Take a look at the recipe of tandoori gobi and give it a try.
Preparation time: 15 minutes
Cooking time: 30 minutes
All you need
- Cauliflower- 1 (whole)
- Paneer- 250 gms (crumbled)
- Yogurt- 2tbsp
- Oil- 1tbsp + 2tbsp
- Lemon juice- 2tbsp
- Red chilli powder- 1tsp
- Ginger- 1tsp (chopped)
- Raisins- 8
- Garam masala powder- 1tsp
- Salt- as per taste
- Cinnamon- 2 sticks
- Green cardamoms- 3
- Black cardamom- 1
- Cloves- 3
- Bay leaves- 2
- Coriander leaves- 2tbsp (chopped)
1. Heat three cups of water and add salt, cinnamon, green cardamoms, black cardamom, cloves and bay leaves. Allow it to boil and place the cauliflower into it.
2. Cover and cook the cauliflower for 8-10 minutes on medium flame till it gets properly cooked.
3. Mix the paneer, yogurt, oil, lemon juice, ginger, red chilli powder, raisins, garam masala powder and salt together.
4. Once the cauliflower gets cooked, take it out of the water and allow it to cool down.

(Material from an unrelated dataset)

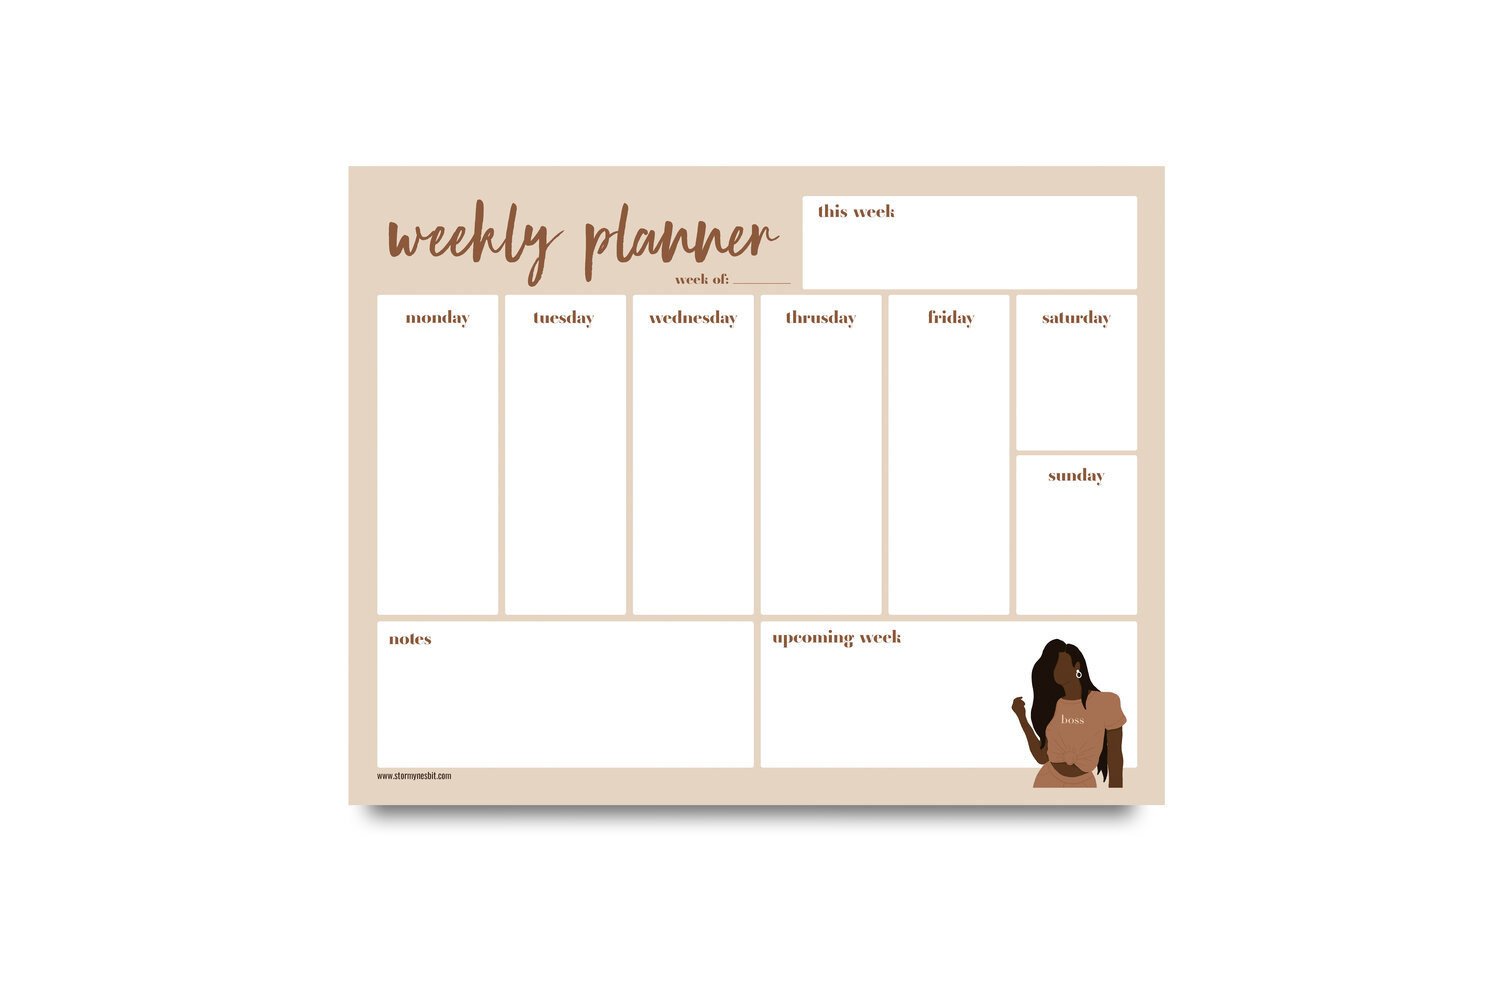 ,that girl Weekly planner fot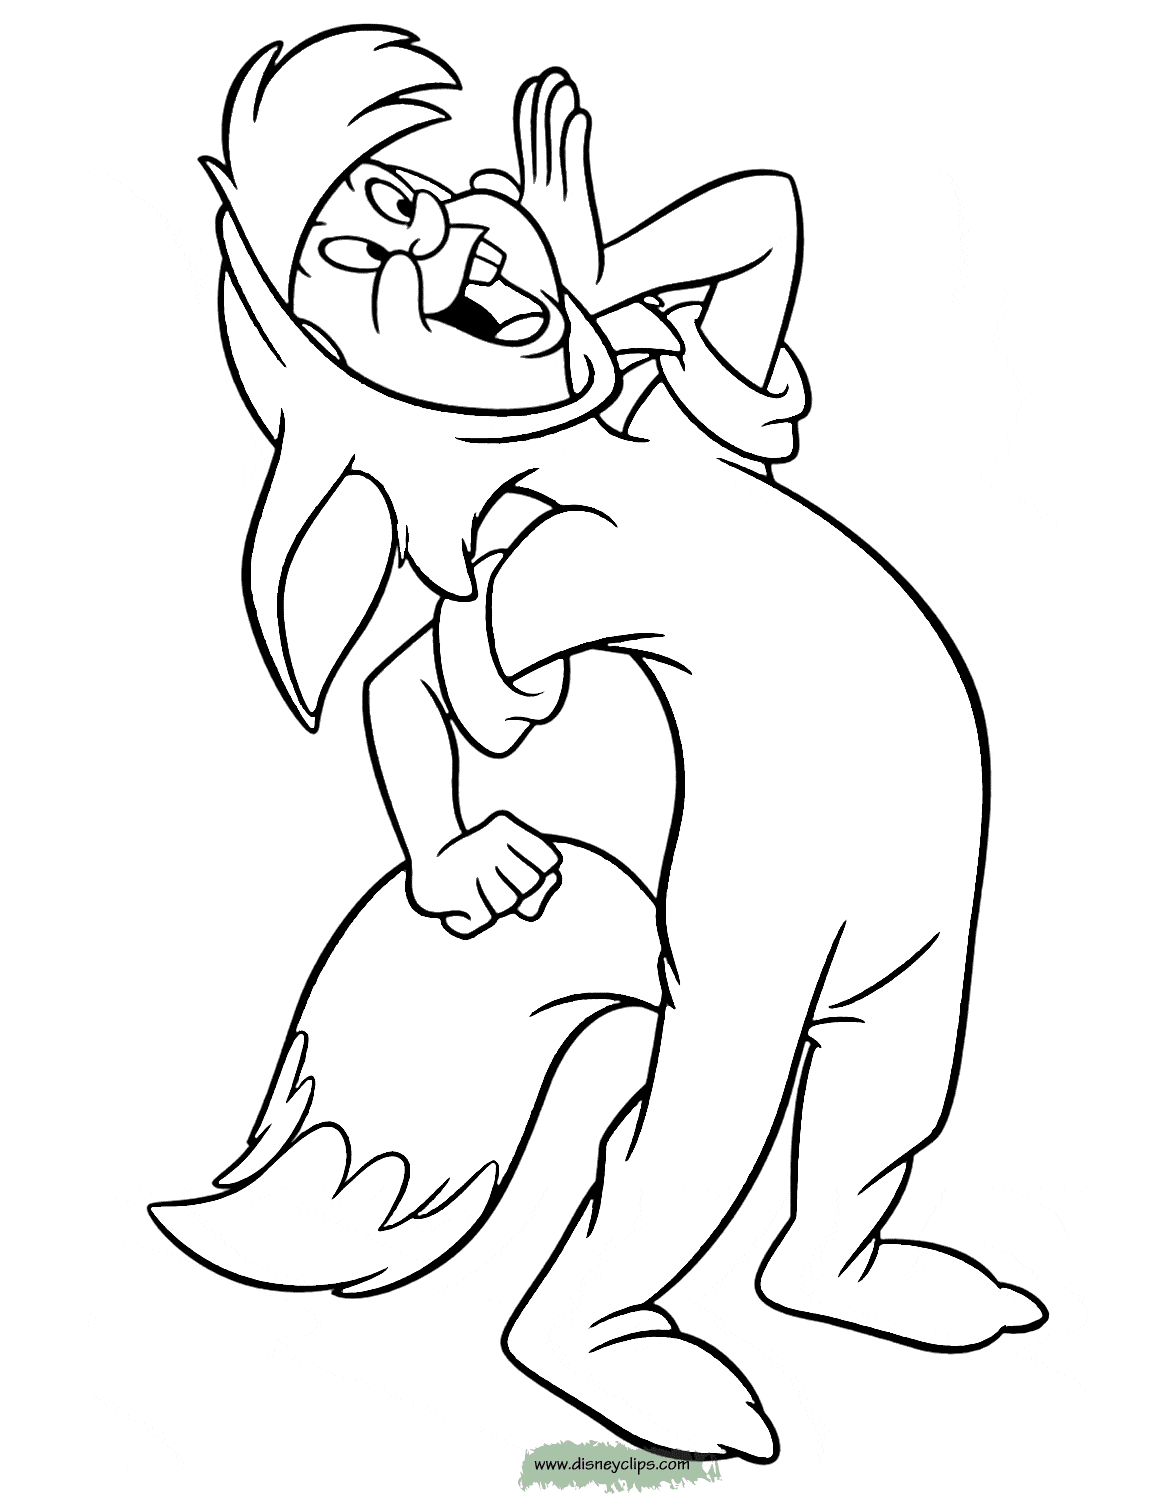 Lost Boy Slightly Coloring Page

5. Fill the insides of the cauliflower with the prepared paneer masala and smear the rest of the mixture over the cauliflower.
6. Pour about two tablespoon of oil over the cauliflower and put it in a deep bottomed pan.
7. Cover and cook on low flame for 20 minutes.
8. Once done, switch off the flame and sprinkle the coriander leaves over the cauliflower.
Tandoori cauliflower is ready to be served. Cut out the florets with a knife and serve with green chutney.
After filling the cauliflower with the paneer mixture, keep it refrigerated for sometime before you cook it.